Cold analytical reasoning

In his remarks (PDF) introducing Liberale Vernunft, Sociale Verwirrung, a selection of  essays translated in German, Anthony de Jasay contrasts his approach of critical analysis of modern liberalism with futile attempts to justify a strict liberal alternative by appealing to arbitrary values and emotions.

On taking the counter-offensive, I should also like to see it use the weapon and the mode of combat that gives liberalism an advantage over its adversaries: cold analytical reasoning instead of rhetorical appeals to “values” and the emotions they ignite. Rhetoric about the love of freedom, free enterprise and individual responsibility will never beat appeals to “positive rights”, fair shares and social solidarity. But demonstration of the faulty logic or the brazen arbitrariness that underlies these slogans may beat them, not so much in the minds of the general public, but in the minds of those young academic teachers and journalists who will be decisive in shaping the minds of the general public of the future.

In a recent piece on social justice The Library of Economics and Liberty Jasay writes that no case for the presumption of equality can be made in analogy with the presumption of liberty:

There is not even a presumption of equality based on some asymmetry between equality and inequality in the same way as there is a logically derivable presumption for liberty, for title to possessions and for innocence.

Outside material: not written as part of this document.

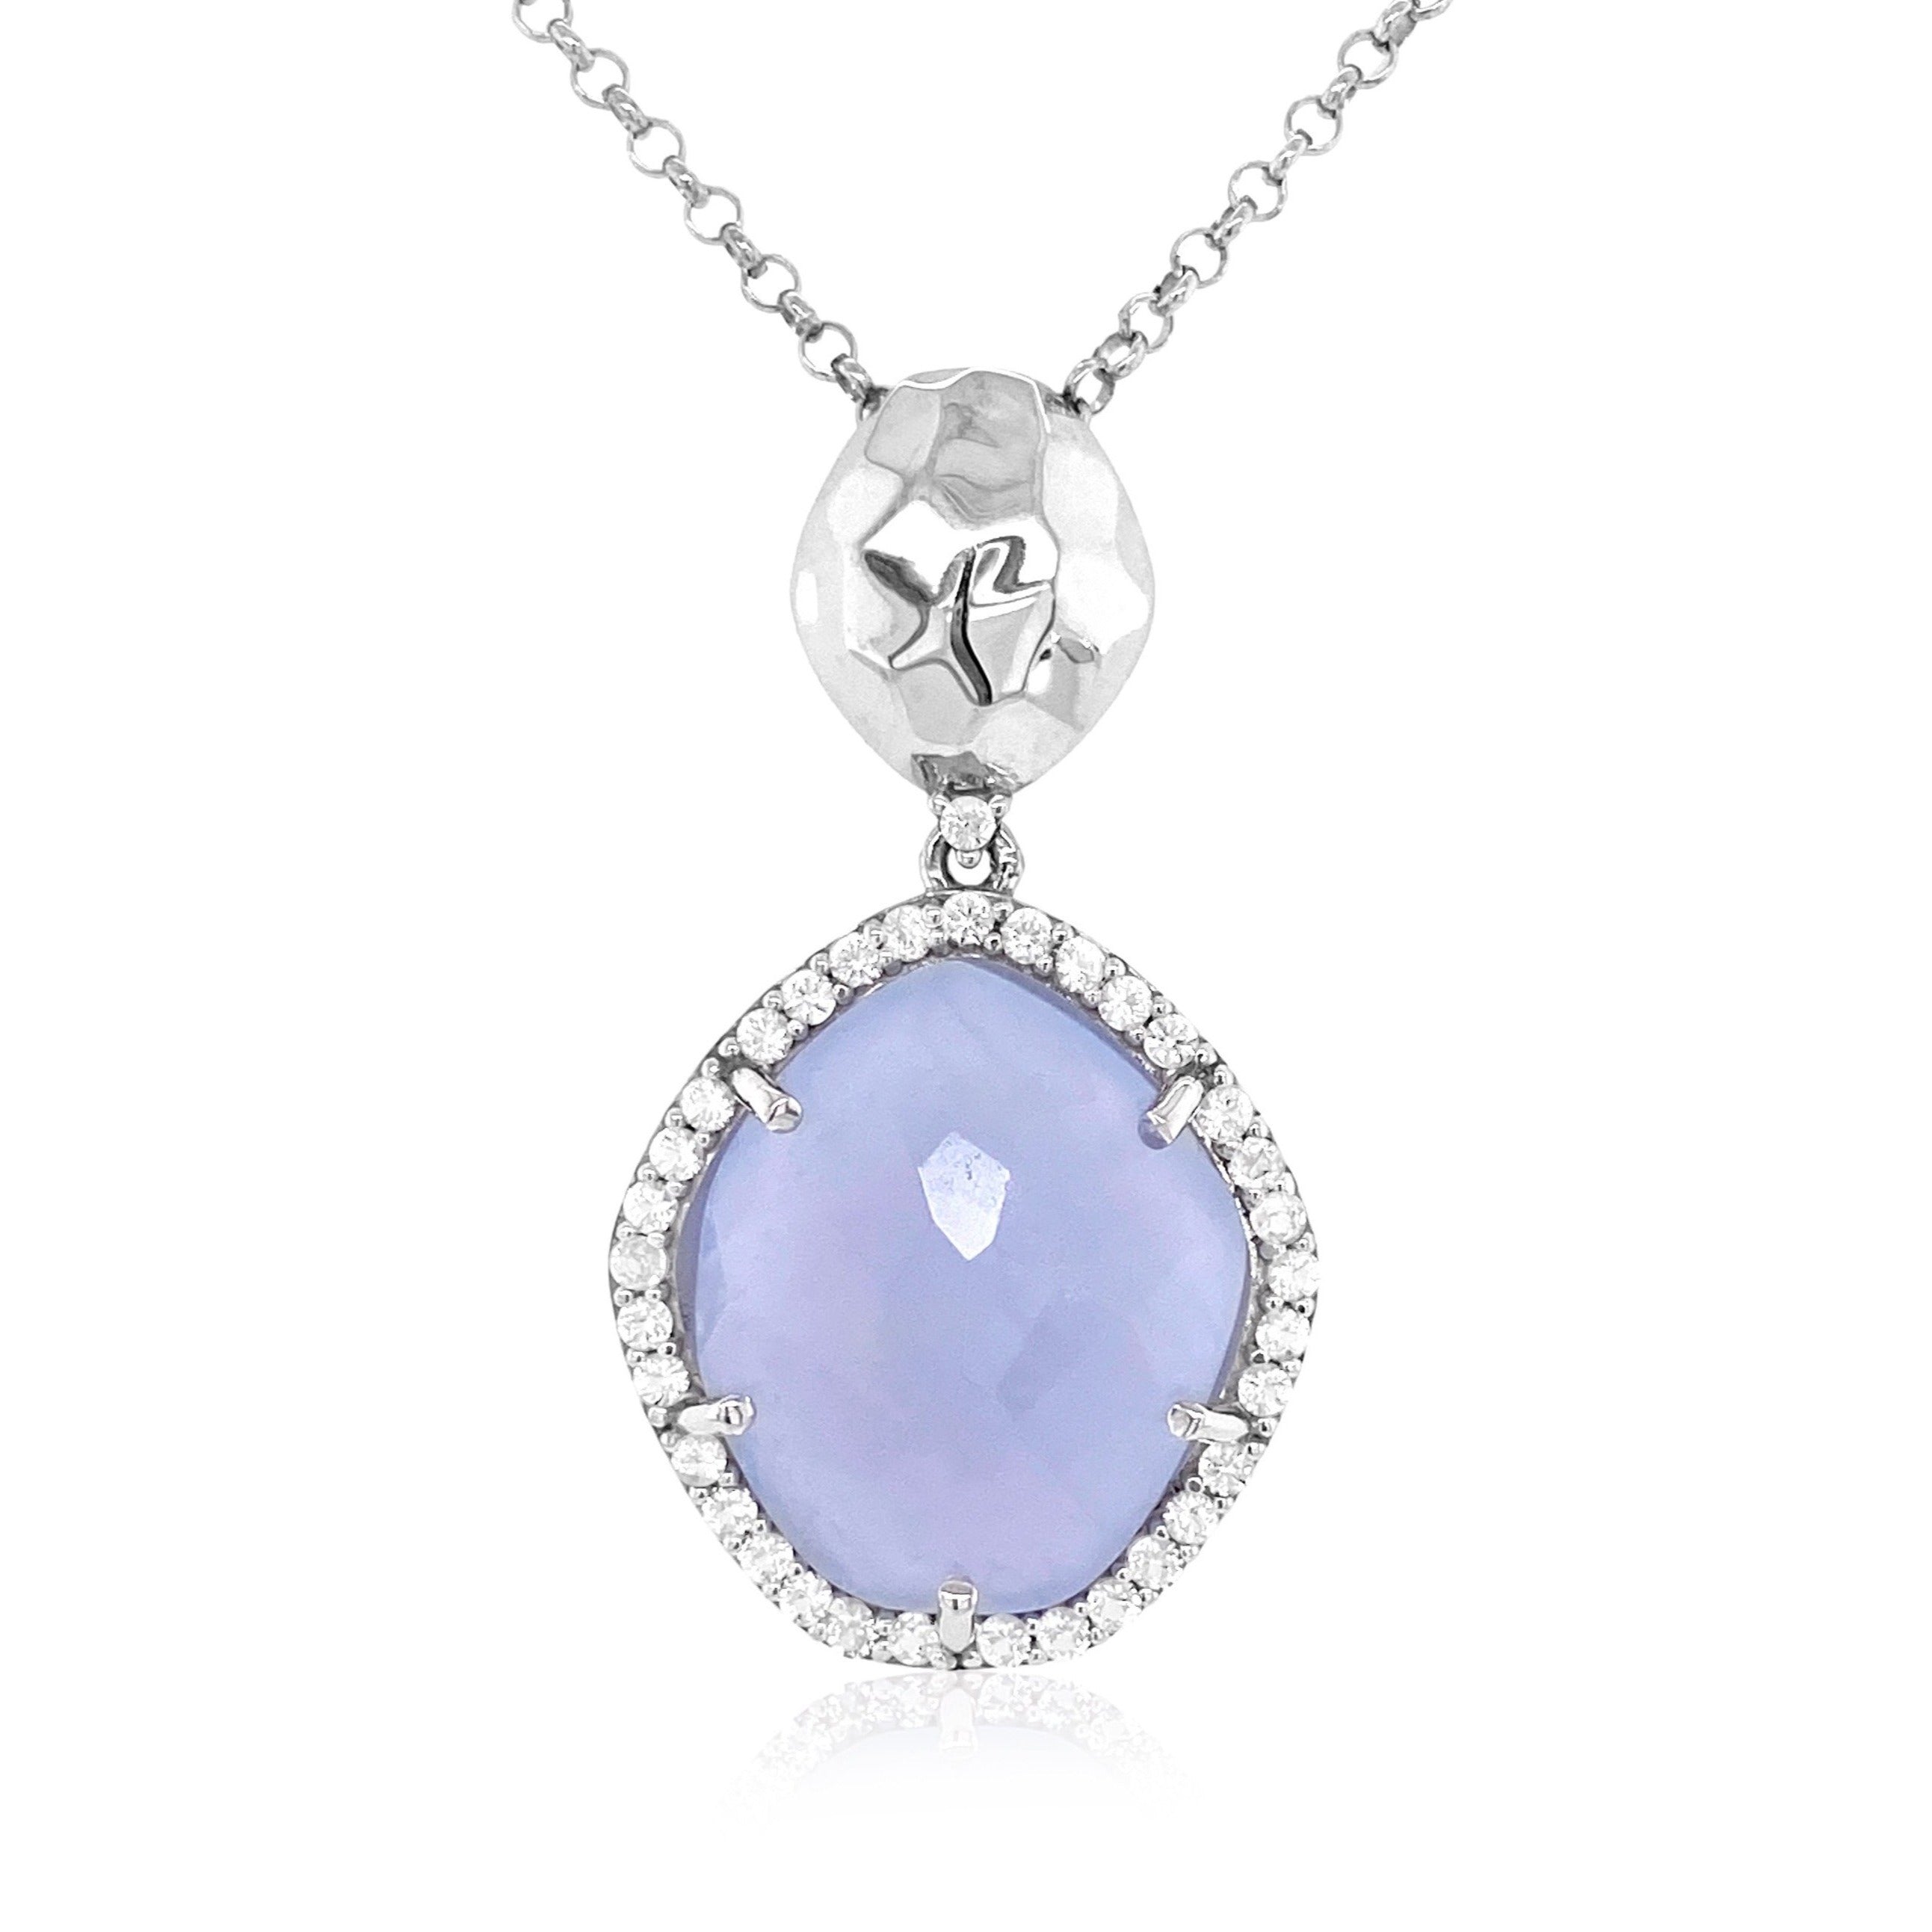 PANORAMA Necklace (1260) - Blue Chalcedony / SS

All the latter are based on claims to the contrary being verifiable but not falsifiable, hence on the burden of proof lying squarely with the accusation that can verify and not with the defence that cannot falsify the accusation.

No such asymmetry favours an equal distribution of goods, nor an unequal one. You can say that the distribution is to be equal unless sufficient reason is brought why it should be unequal. But you can no less sensibly say that it should be unequal unless sufficient reason is brought why it should be equal. The two statements are formally equivalent.

As Jasay sees it, equality is not a fact of life, nor a demand of reason.